Al-低Cu合金の鋳型内凝固過程の数値解析

Abstract

The purpose of the present paper is to investigate the solidification process of alloy castings by numerical calculations, using the previously derived equations on the model that the dispersed crystals grow in the melt. Al-low Cu plates were taken as the examples. An explicit finite difference method in which the first approximations are obtained regarding an equilibrium solidification process and corrected to the non-equilibrium values has been introduced.The influence of the factors of the casting operation was investigated, and it has been made clear that the increase of copper addition, the decrease of thickness of casting and the decrease of heat transfer coefficient at the mold-casting interface make a flat distribution of solids in a casting during solidification, while the increases of pouring temperature and preheat temperature of the mold have little influence on the distribution of solids but delay the time of solidification.

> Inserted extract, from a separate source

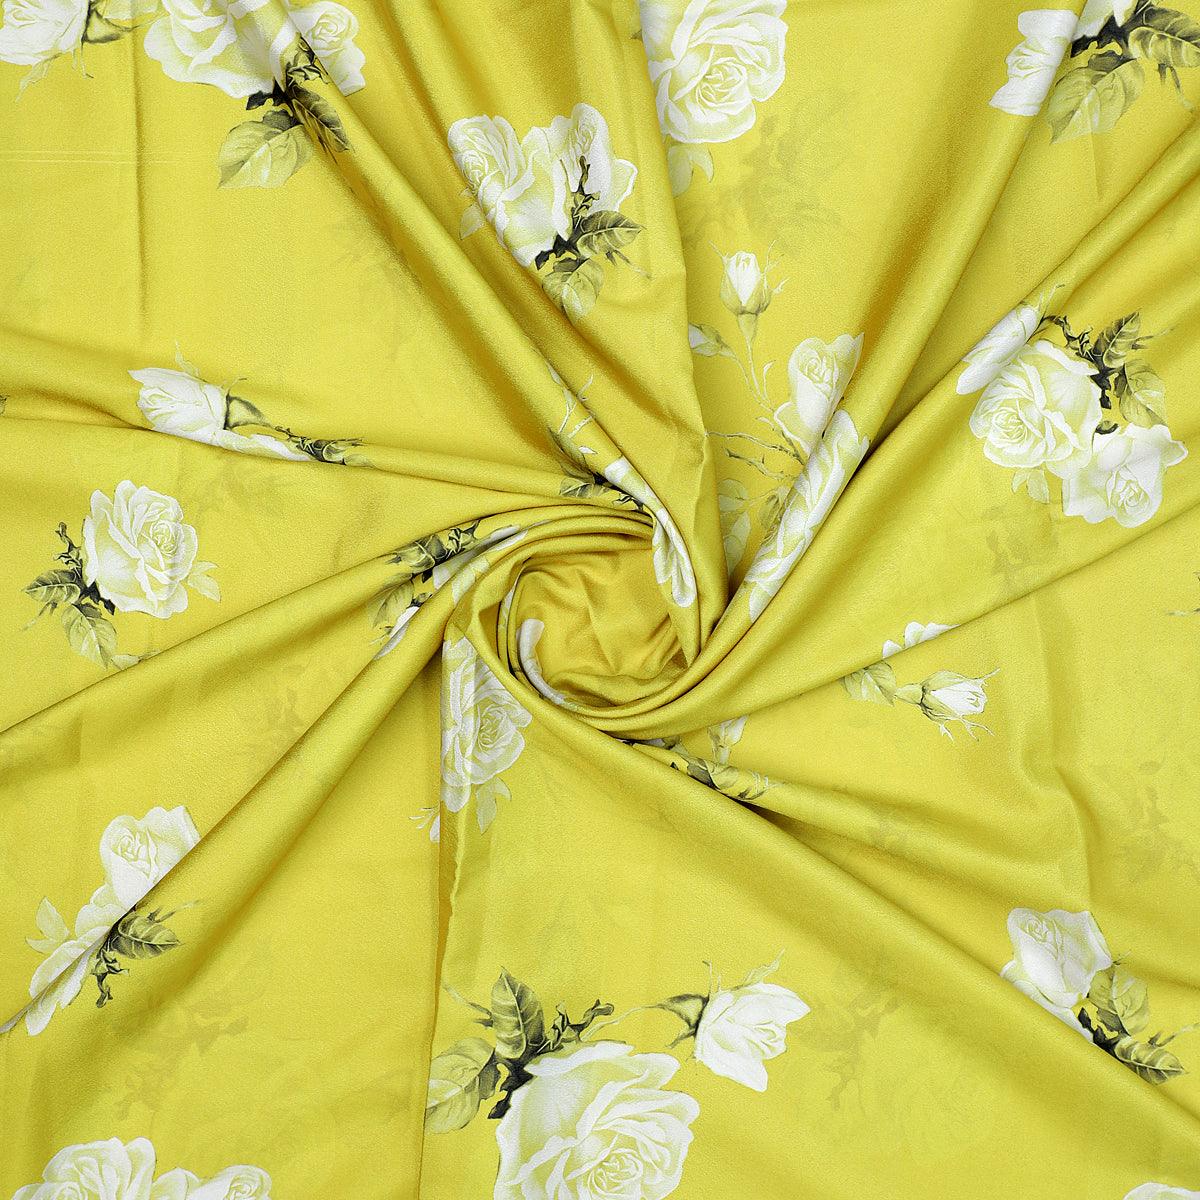 Wrap top, crepe top, - Chiffon prints fabric yellow
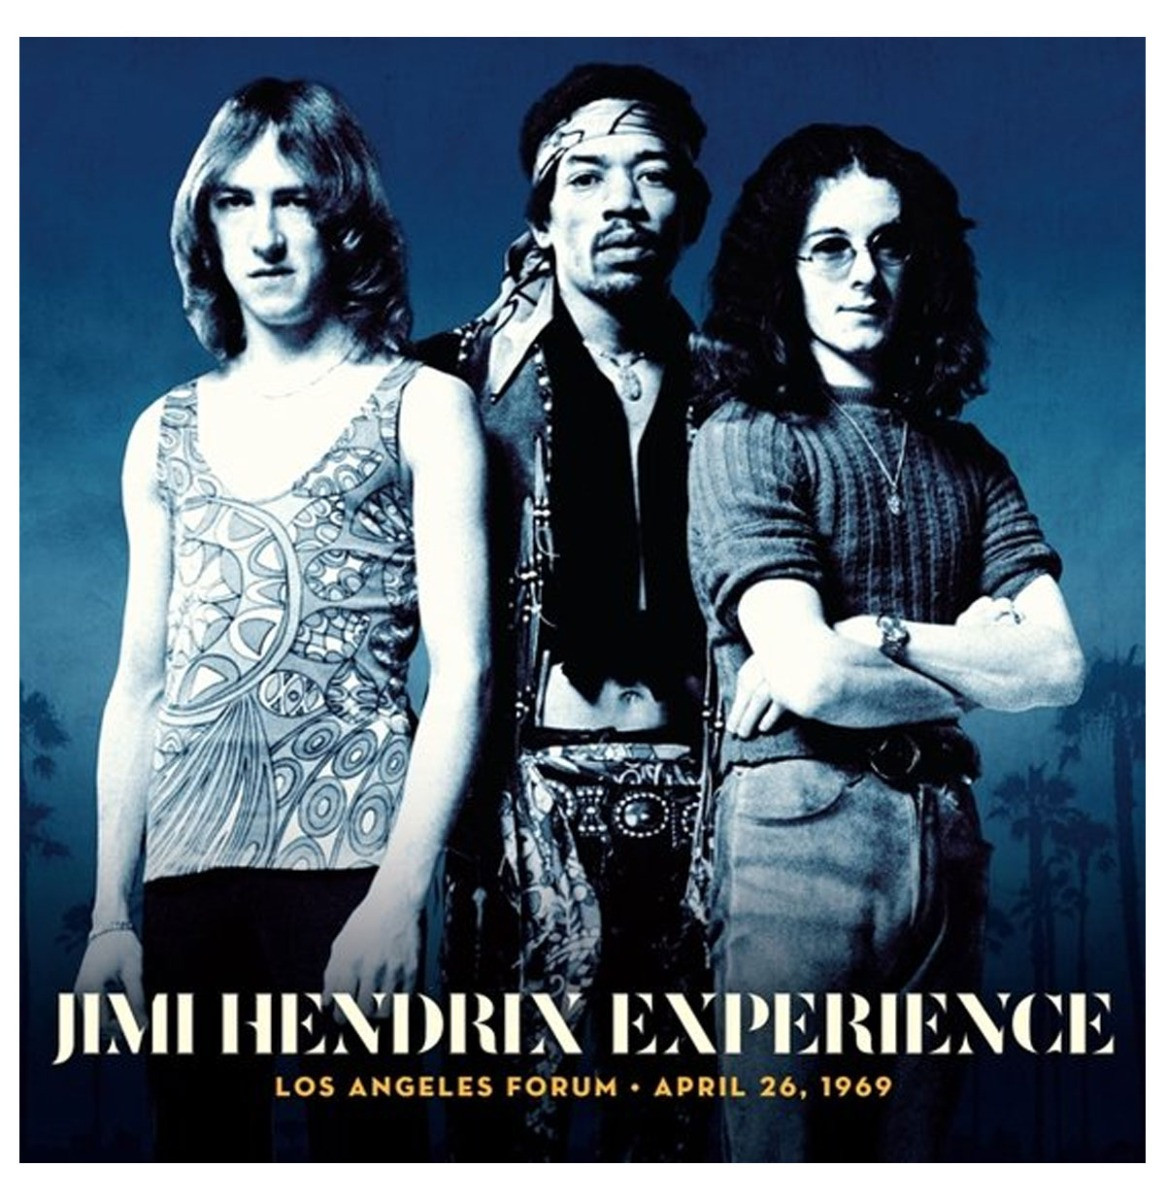 Jimi Hendrix Experience - Los Angeles Forum - 26 April, 1969 - Deluxe 2-LP Set

The macrosegregations due to diffusion were too little to be confirmed experimentally. The calculated cooling curves have the same behaviors as those experimentally obtained, but the details of the curves do not agree with each other because of unknown changes of the heat tranfer coefficients during solidification. The solidus and liquidus concentrations have always higher aluminum values than the equilibrium, and the deviations from the equilibrium rapidly decrease with the progression of solidification. The variation of number or shapes of growing crystals hardly affects the calculated results.